Because the factors to be applied in determinating whether a physician is a public employee have not been exhaustively delimited by the case law, this court is obliged, in reviewing the defendant’s motion for summary judgment, to inspect all the probative evidence in the light most favorable to the party opposing summary judgment. Williams, 413 Mass. at 398; Kelley, 395 Mass. at 659.2 That evidence would permit a fact finder to conclude that, as the attending physician at Worcester Memorial Hospital, Dr. Bors-Koefoed clearly had a great deal of discretion over the treatment of his patients, including Nicholas. The record indicates that Dr. Bors-Koefoed was responsible for the management of all clinical activities and was responsible for all clinical decisions. Additionally, he was in charge of supervising the residents on duty at the private hospital, including the resident who assisted with the delivery of Nicholas. Dr. Bors-Koefoed’s only office was located at Worcester Memorial Hospital, in which he was served by a support staff of secretaries, office nurses, and stenographers, all of whom were paid by the private hospital.
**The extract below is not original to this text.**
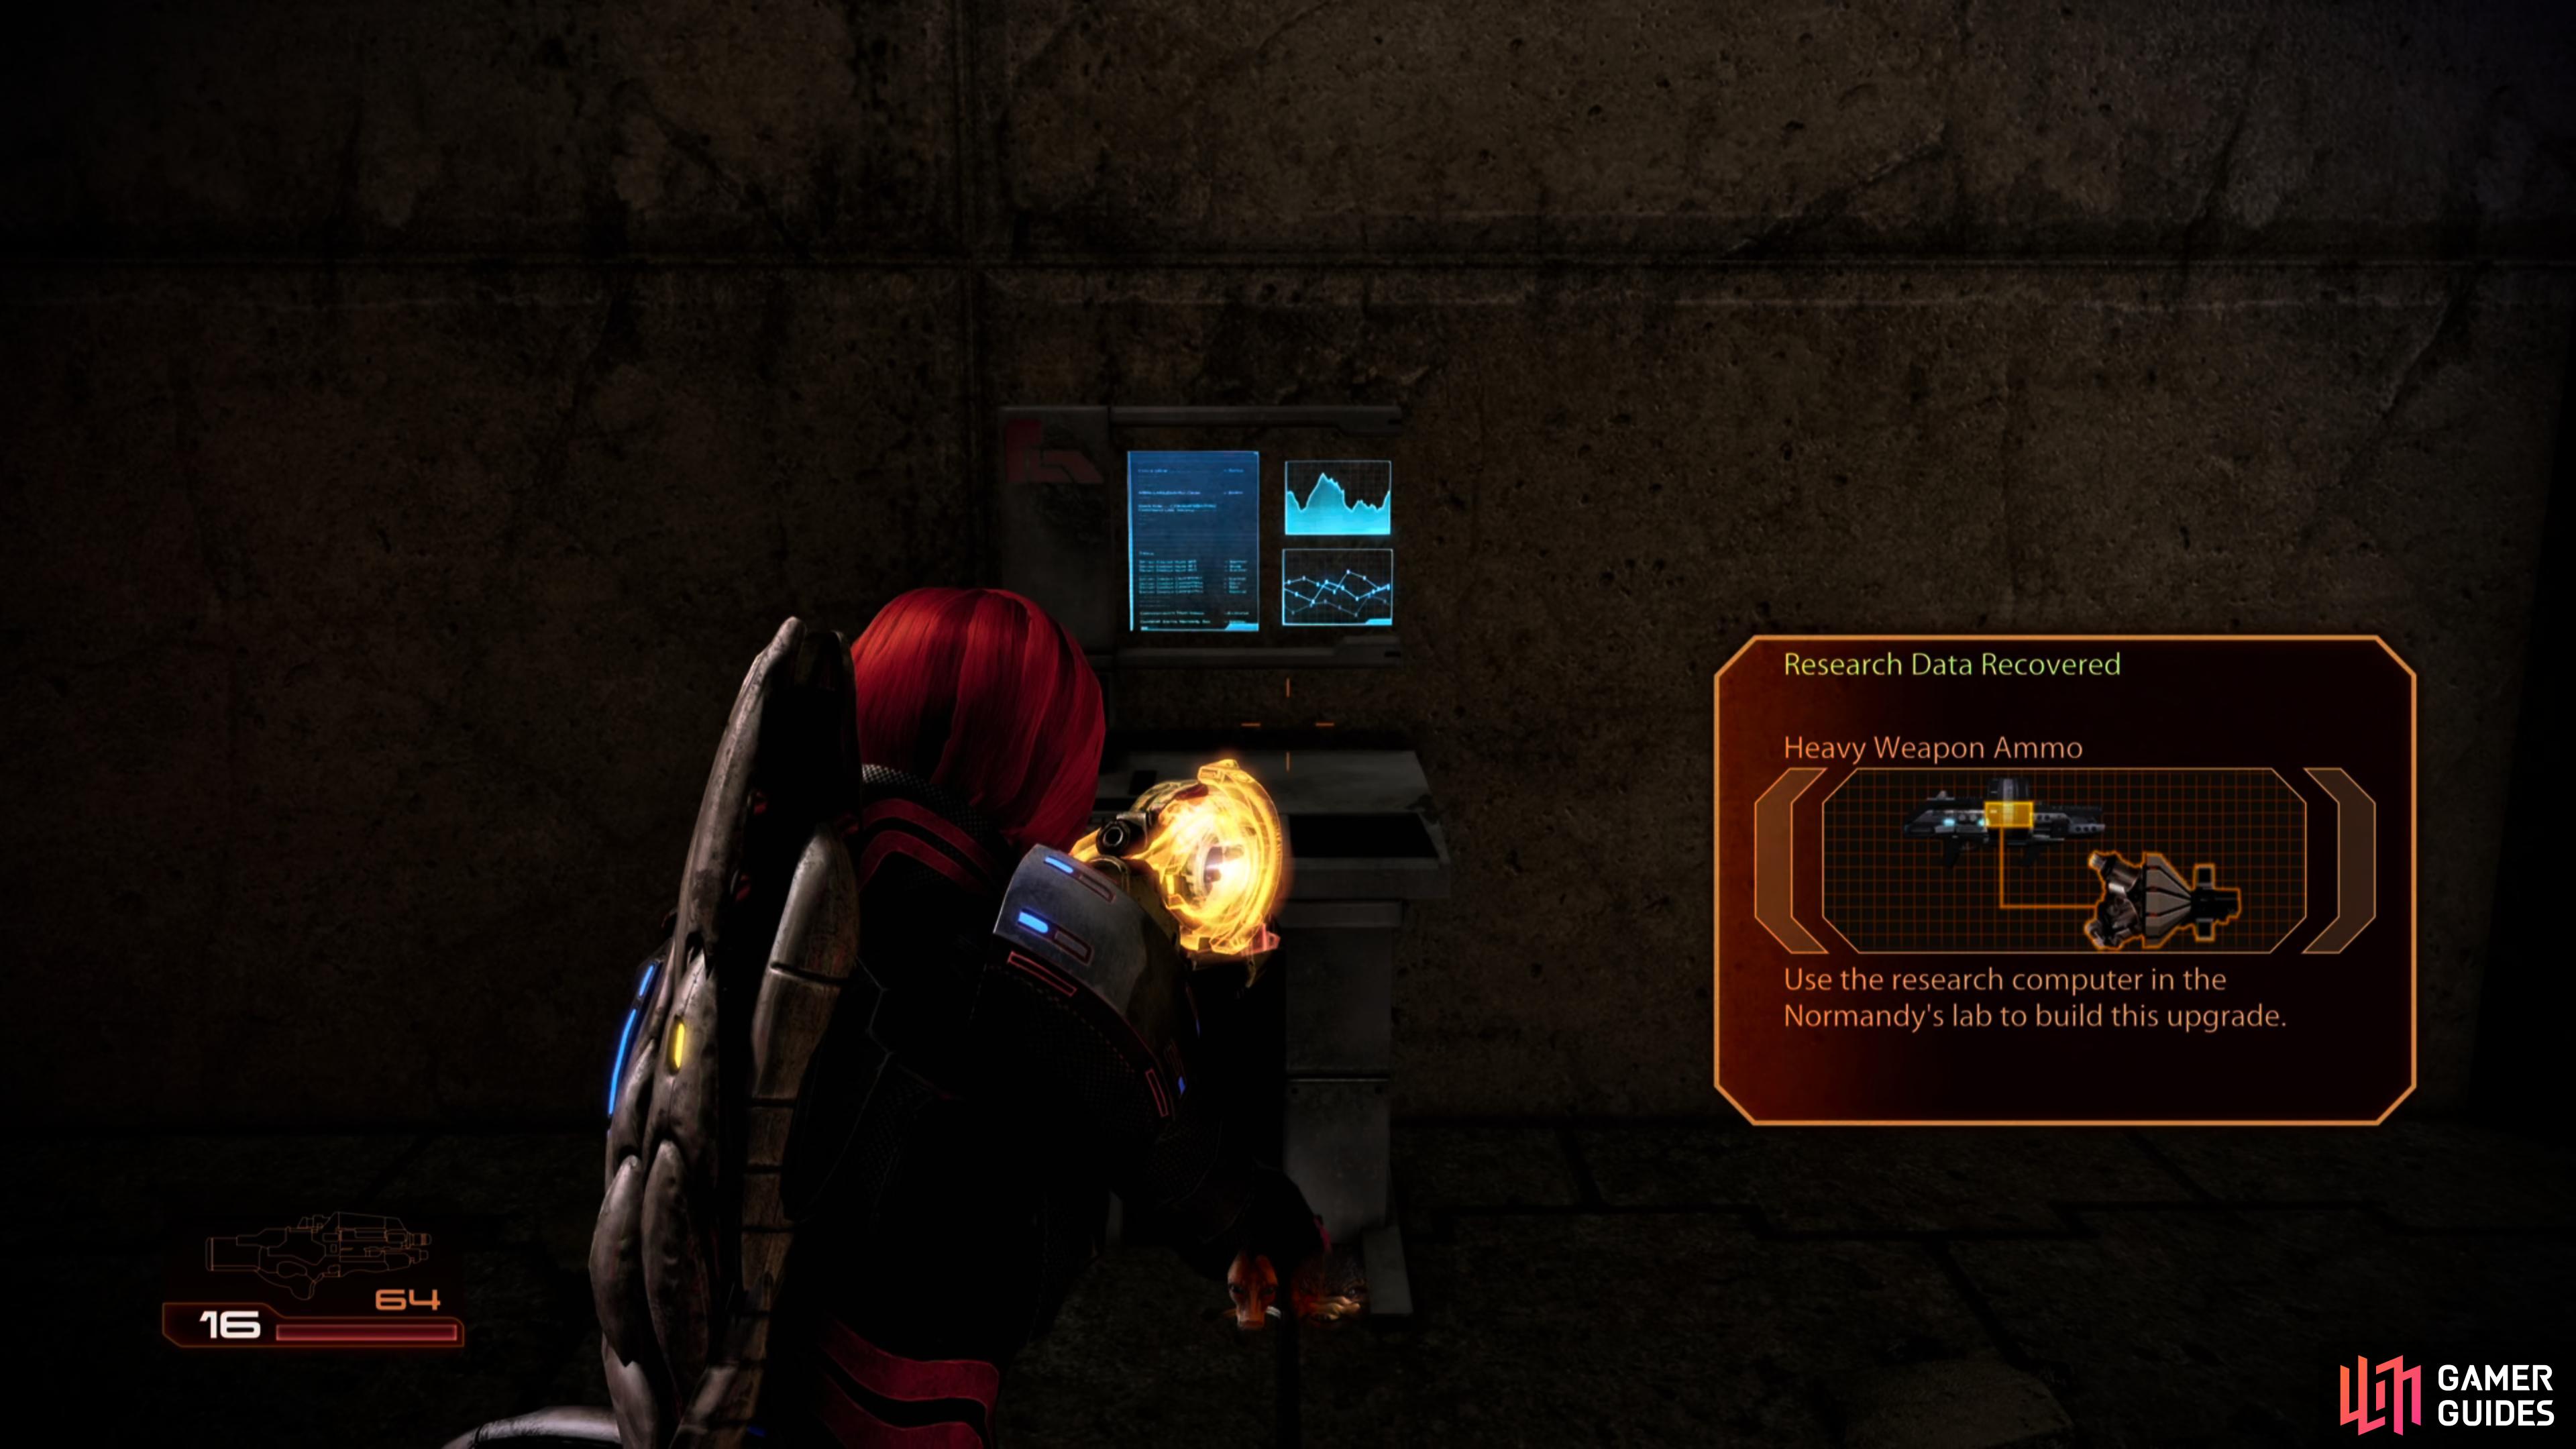 then pick up a Heavy Weapon Ammo research project.

The instant record offers evidence that, on the one hand, Dr. Bors-Koefoed had some discretion over the day-to-day details of his practice and may have been solely responsible for the medical decisions concerning the treatment of plaintiffs, yet, on the other, was subject to some degree of direction and control by his public employer. There thus remains a genuine issue of material fact with respect, at least, to whether or not the nature of defendant’s employment insulated him from liability for the matter at bar.
ORDER
For the foregoing reasons, it is hereby ORDERED, that the defendant Roy Bors-Koefoed’s motion for summary judgment is DENIED.
See also, Miller v. Kurkjian, Civil Action No 95-1723B (Norfolk Sup. Ct. Feb. 23, 1999) [9 Mass. L. Rptr. 591 (April 26, 1999)], in which Gants, J., reviewed the development of the standard for vicarious liability in cases involving alleged negligence by physicians.